Bulls are, as always, talking up the strength of non-financial firm’s balance sheets and low price earnings ratios, Roberts said. (Click here for world stock markets)

"Call us old fashioned, but we will buy at low price/earning ratios, and sell at high PEs. So a PE now of 20 sits very uncomfortably right at the top of its range if we take out the pre-first Great Depression spike in 1929 and NASDAQ 2000 spike," Roberts wrote.

The note also highlights RBS' fears over the health of the European banking system, shaken by the euro zone debt crisis.

"We have seen downgrades continue in Europe this week," he said. There is also a $450 billion shortage of dollar asset funding for non-US banks, he noted.

Focus on 2a-7

We are amazed there is not now immense market and media focus on the new letters that will bring forward the end-game and worsen it: 2a-7, he said.

This new Securities and Exchange Commission rule "forces US money market funds – up to now the provider of USD liquidity to those who need it – to become 'safer,'" Roberts wrote.

"From what we can see, the USA is basically pulling up the drawbridge and retreating into its fortress, trying to protect its financial system from coming European banking problems," he said.

"But the consequence is clear. Banking is about confidence. If you are reliant on markets to fund yourself and that confidence wanes, a total stop can occur immediately/within days," he added.

'Monster' Quantitative Easing Coming

Roberts is predicting the central banks are going to have to start pumping more money into the system.

"With fiscal policy off the agenda, we have always expected more quantitative monetary easing," he wrote. "And this time will be different.
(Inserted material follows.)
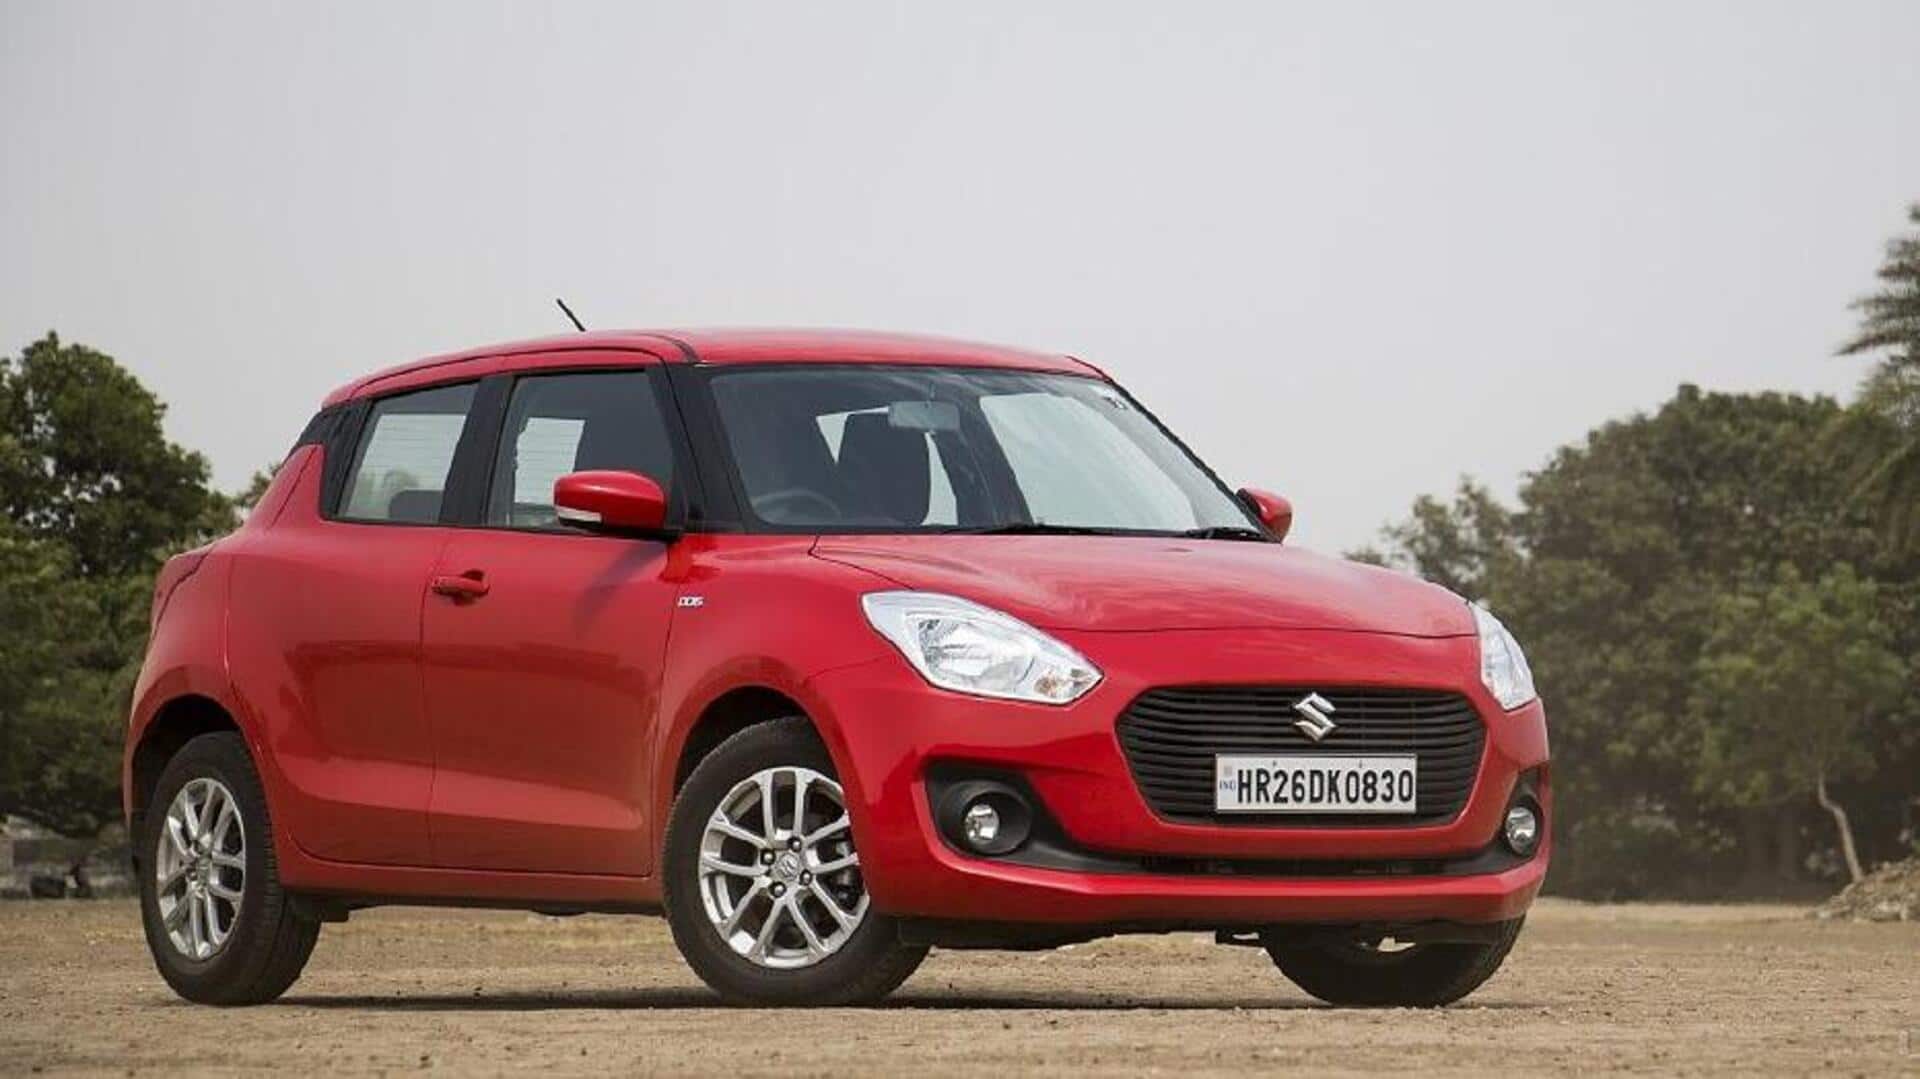 Up to ₹58,000 off on Maruti Suzuki cars this June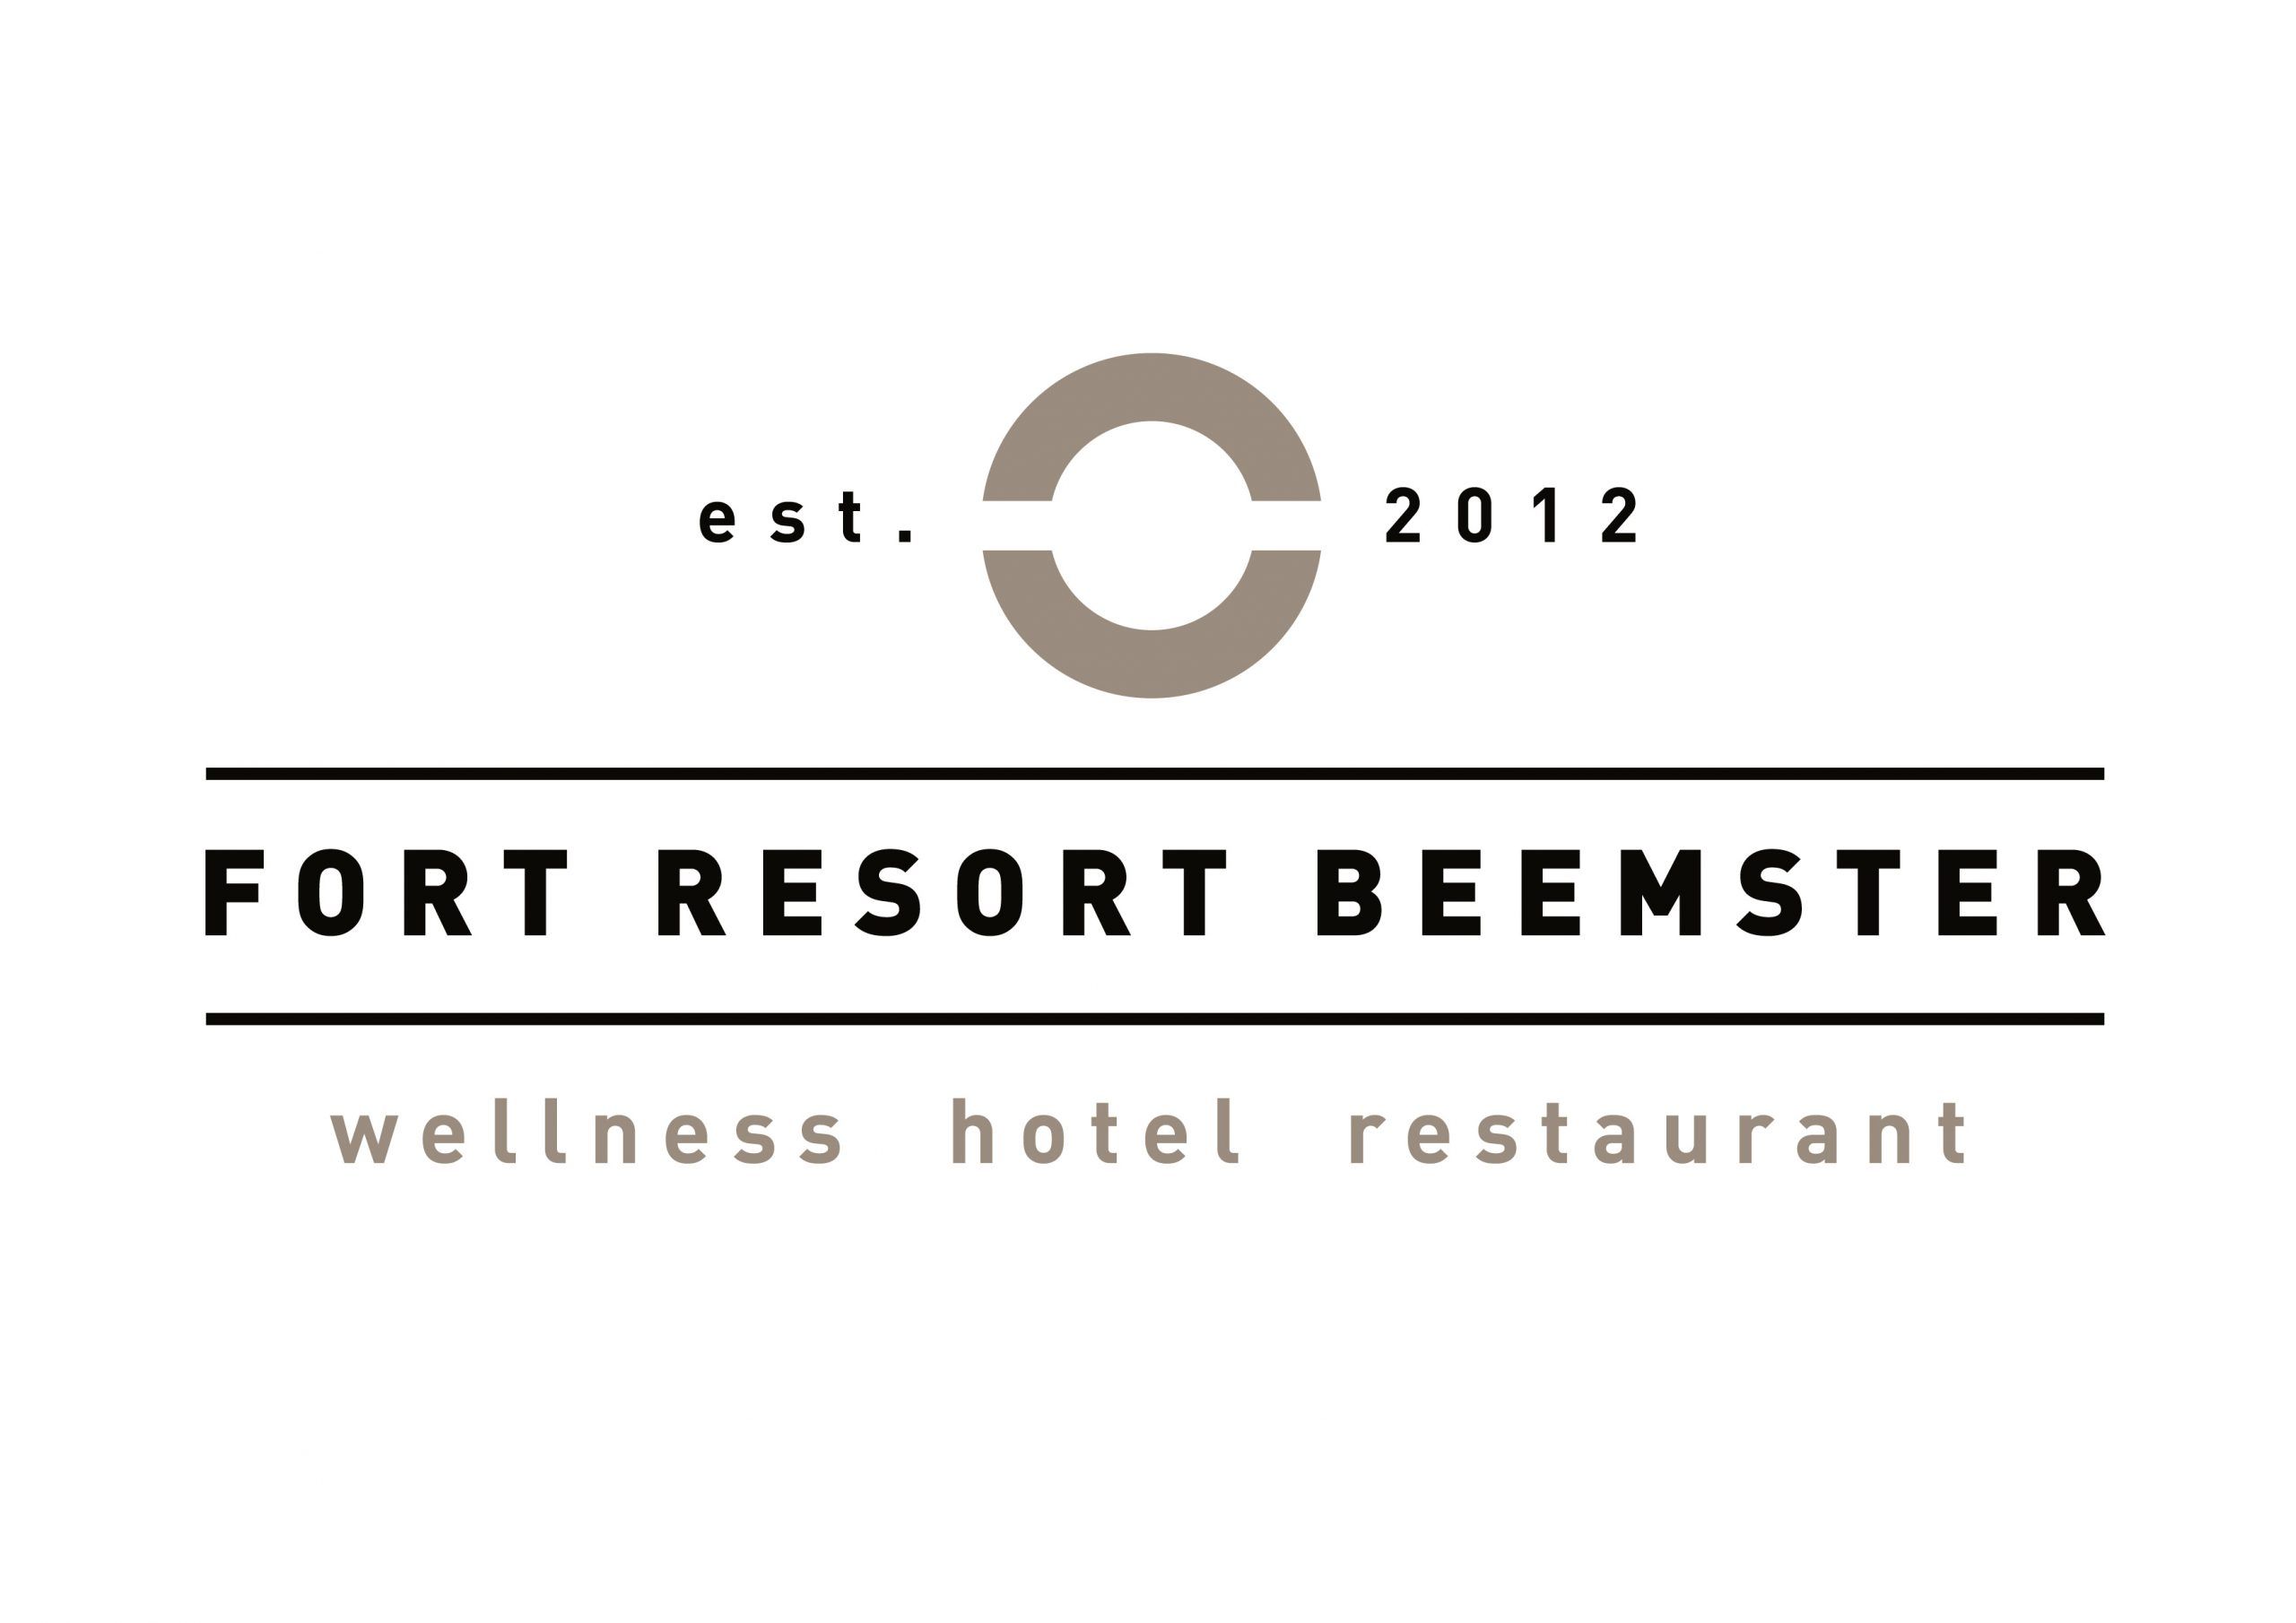 Fort Resort Beemster

We have always argued that buying of bonds is less efficient than guaranteeing yield levels, and that yields are the key, not raising money supply, given demand for credit is dead."

Having seen previous QE simply lower the banks' cost of raising money, Roberts said there will be a new move.

"The next shock and awe will be in the form of large scale QME (Quantitative Monetary Easing), but with one massive difference – it will be focused on lowering yields, not expanding money supply," he said.

"So do not be surprised if the next QME is about guaranteeing yields at, say, 2 percent on the (10-year US Treasury) or lower," he wrote.